Chicken Morsels with Peppers

(The peppers look like peaches, I know. I'm not a professional food photographer or food designer. It's real food.)

2 large yellow bell peppers, halved and seeded
2 large red bell peppers, halved and seeded
1 1/4 lb boneless, skinless chicken breasts
salt and freshly ground black pepper
1/3 cup olive oil
1 onion, chopped
2 tbsp minced garlic
2 large tomatoes, peeled, seeded, and cut into strips (juices reserved)
  1. Preheat broiler. Arrange peppers on a broiler pan. Broil until blackened and blistered. Transfer to bowl, cover, and let cool for about 10 minutes. Peel off skins, remove stems, and cut into wide strips.
  2. Sprinkle chicken with salt and pepper to taste. Heat olive oil in a large skillet over high heat. Add chicken and brown on all sides. Reduce heat to medium-low and add onions, garlic, bell peppers, tomato strips and their juices. Simmer until chicken is tender, 20-25 minutes. Transfer to a warmed serving platter. Serve at once.

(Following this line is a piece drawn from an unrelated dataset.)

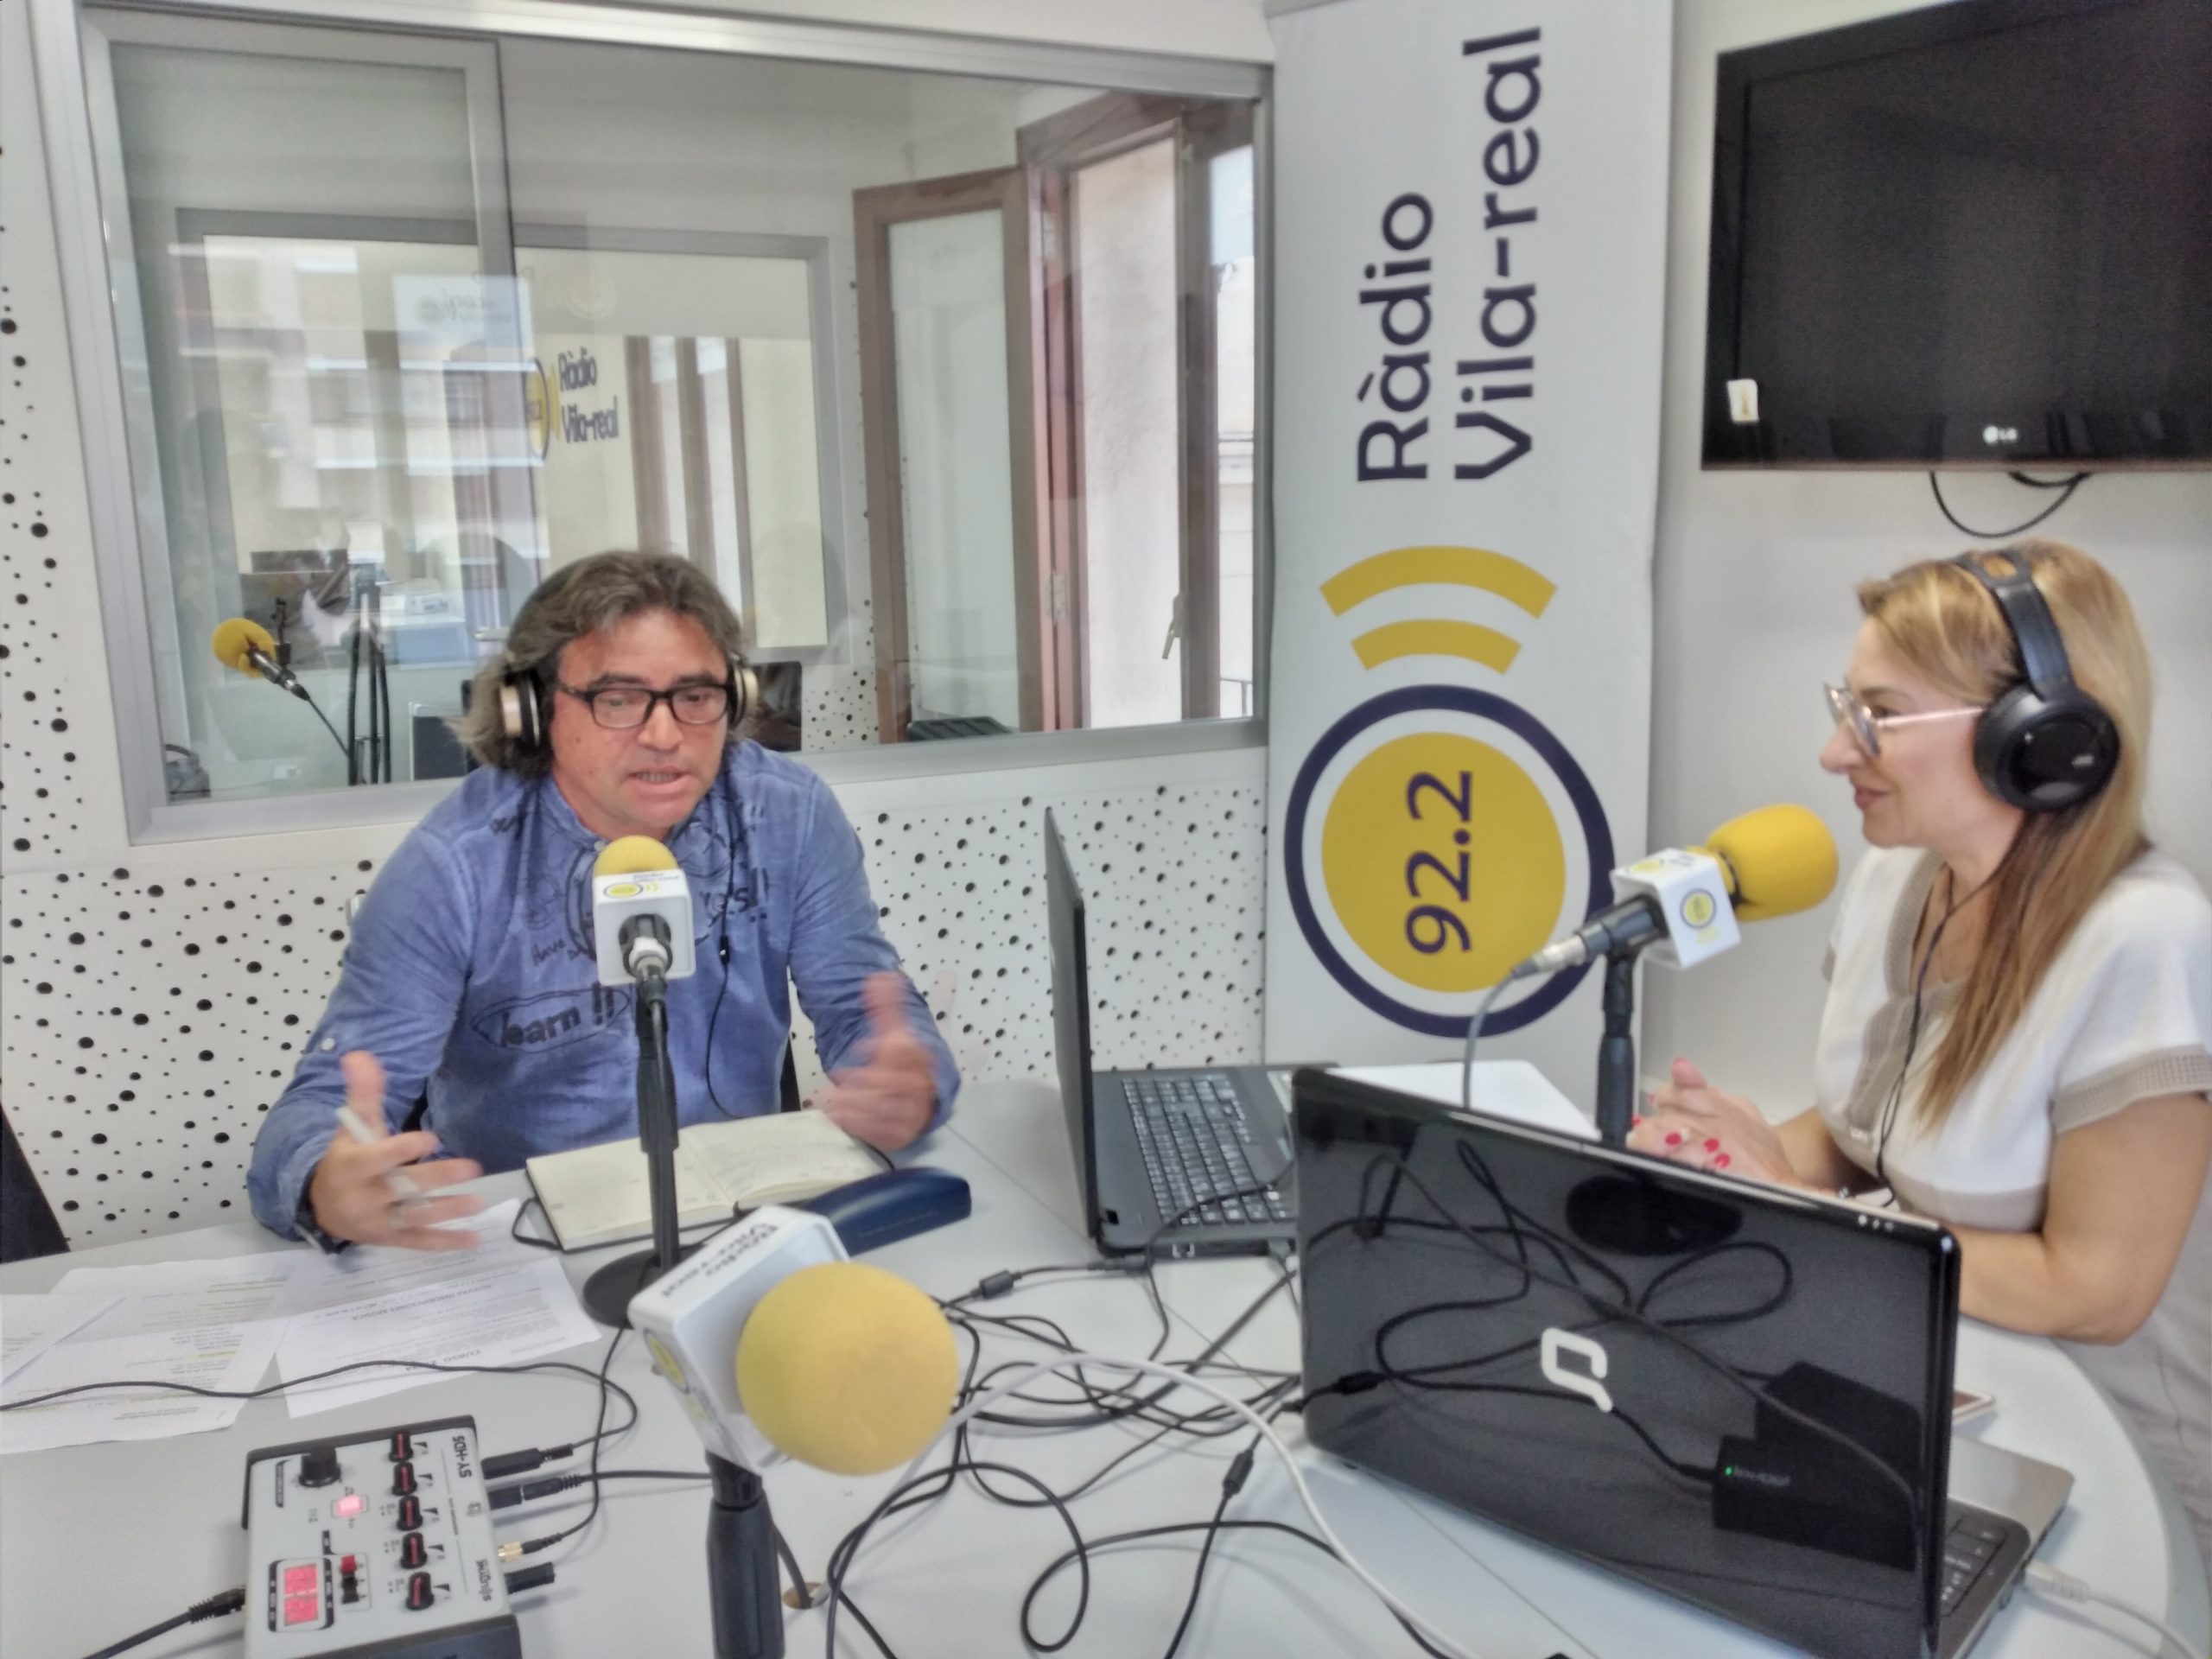 Parlem amb Michel Llorens, Director del Conservatori Mestre Goterris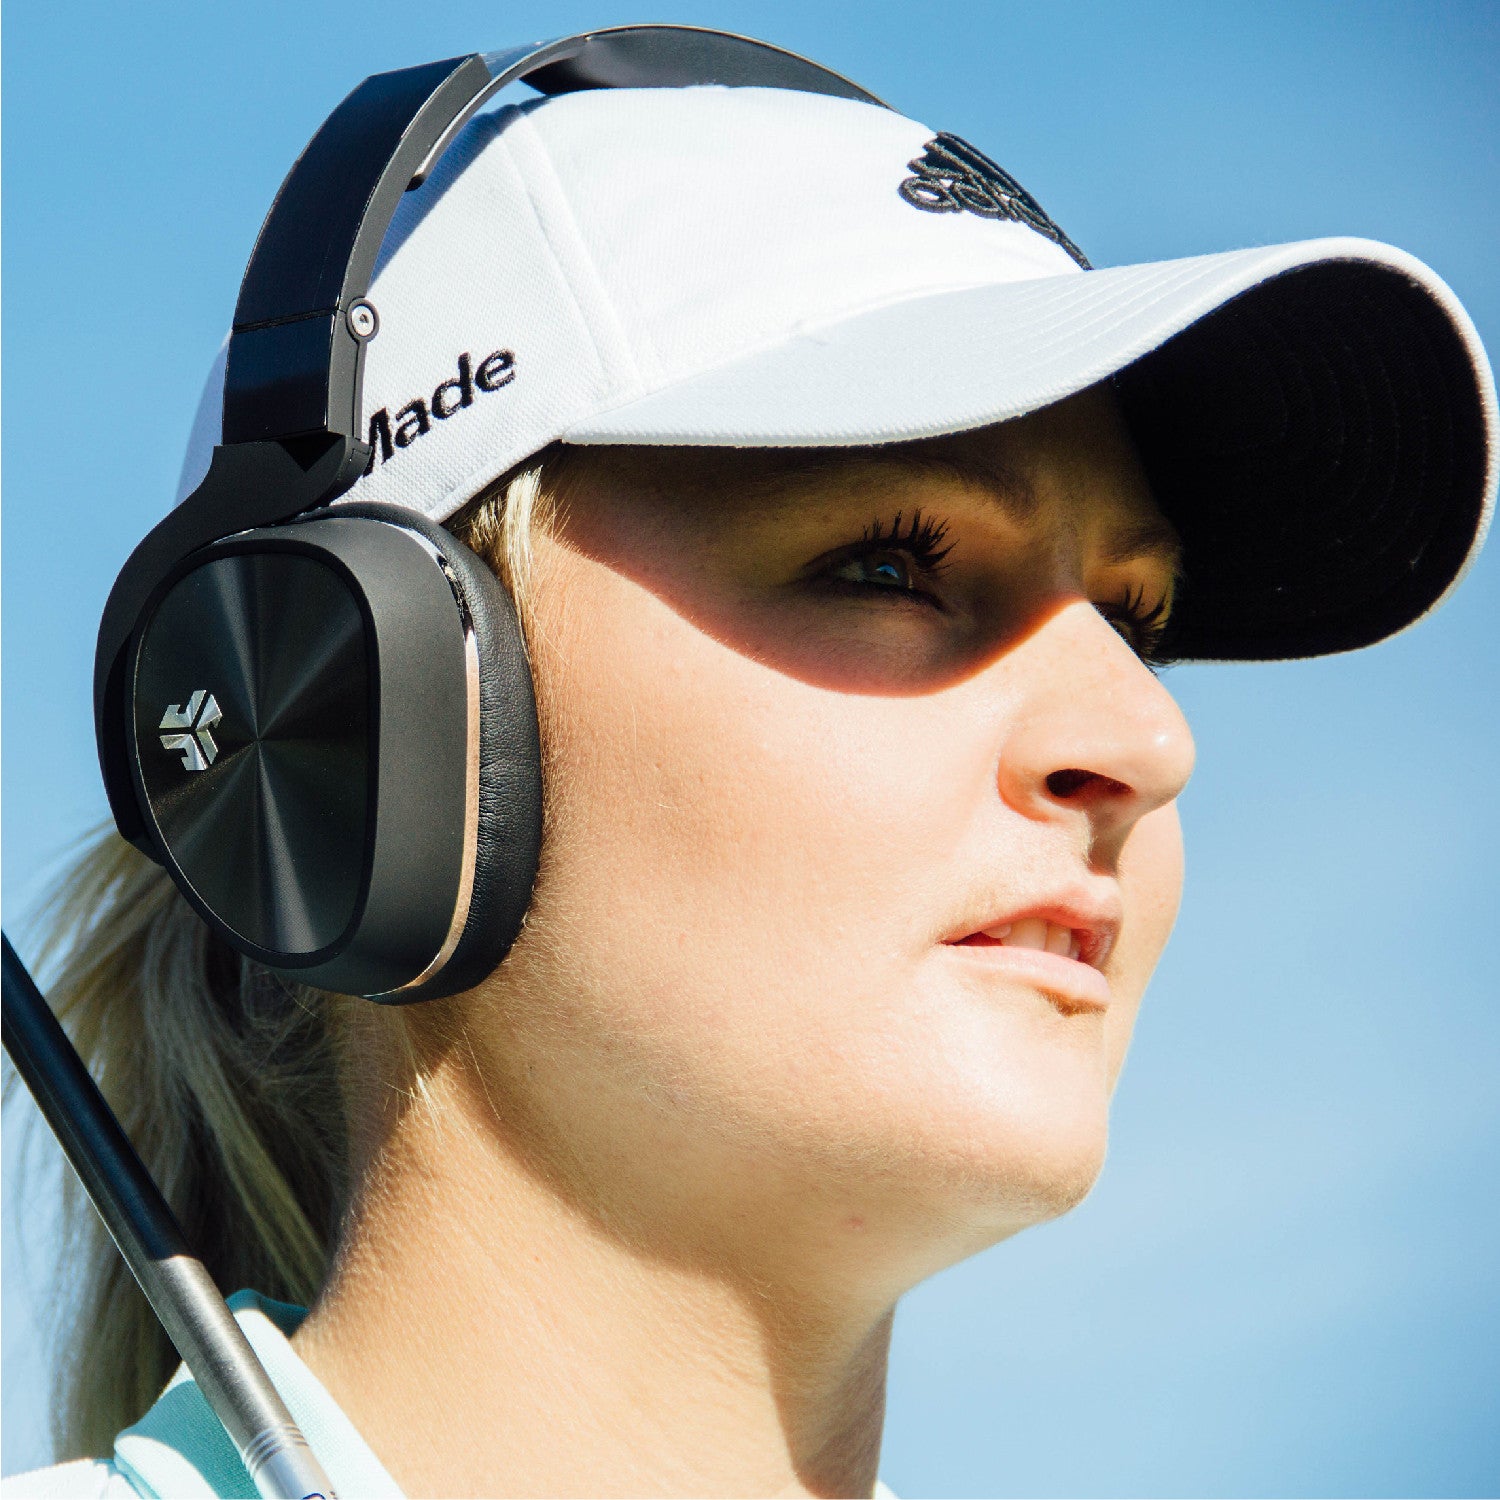 Meet Anna Nordqvist, LPGA Golfer

Recipe from Williams-Sonoma The Best of Taste.

CHANGES I MADE:

  • I used all yellow bell peppers, as that's what I have in my garden.
  • Instead of two large tomatoes, I used two rather mediocre tomatoes. I meant to use three rather mediocre tomatoes, but one didn't survive the blanching process, and I didn't feel like running outside in the driving rain to pick another tomato in the dark and start the whole blanching process again. Lazy, I know.
  • As usual, I am incapable of following even simple directions. When I took the peppers out of the oven, I did not transfer them to a bowl and cover them with a towel (not in the directions, but after reading all about roasting bell pepper on the internet this evening, I have discovered the towel method is quite popular). That, apparently, would have made taking the skins off the pepper much easier. I only had trouble with the very edges, though, so I guess no harm, no foul.
  • I didn't add the salt and pepper until I added everything else. Directions. Arg!
  • The recipe is called chicken morsels, but nowhere does it tell you when to cut it into morsels, so I did that before cooking it. I knew that it would cut down on the cooking time, and I started this recipe way too late in the evening, so I was looking to trim time wherever I could.
  • I didn't bother with the warmed serving platter. My household isn't the warmed-serving-platter type of household. We're more the served-directly-from-the-skillet type of people.
  • I served it with brown rice.

THINGS I LEARNED

  • Even a short recipe may take a long time. Reading the directions all the way through before embarking on a new mission may be the way to go. I don't know for sure, as I've obviously never tried it, but it seems like a good bet.
  • I learned how to blacken peppers in the oven. And I learned how to do it correctly after we'd eaten dinner.
  • Warm serving platters are probably nice, but definitely not as necessary as this recipe make out.

OPINIONS:

Bill: Liked it. Enough to eat a second helping, even. It isn't in his top five of the recipes we've had so far, but he'd definitely eat it again.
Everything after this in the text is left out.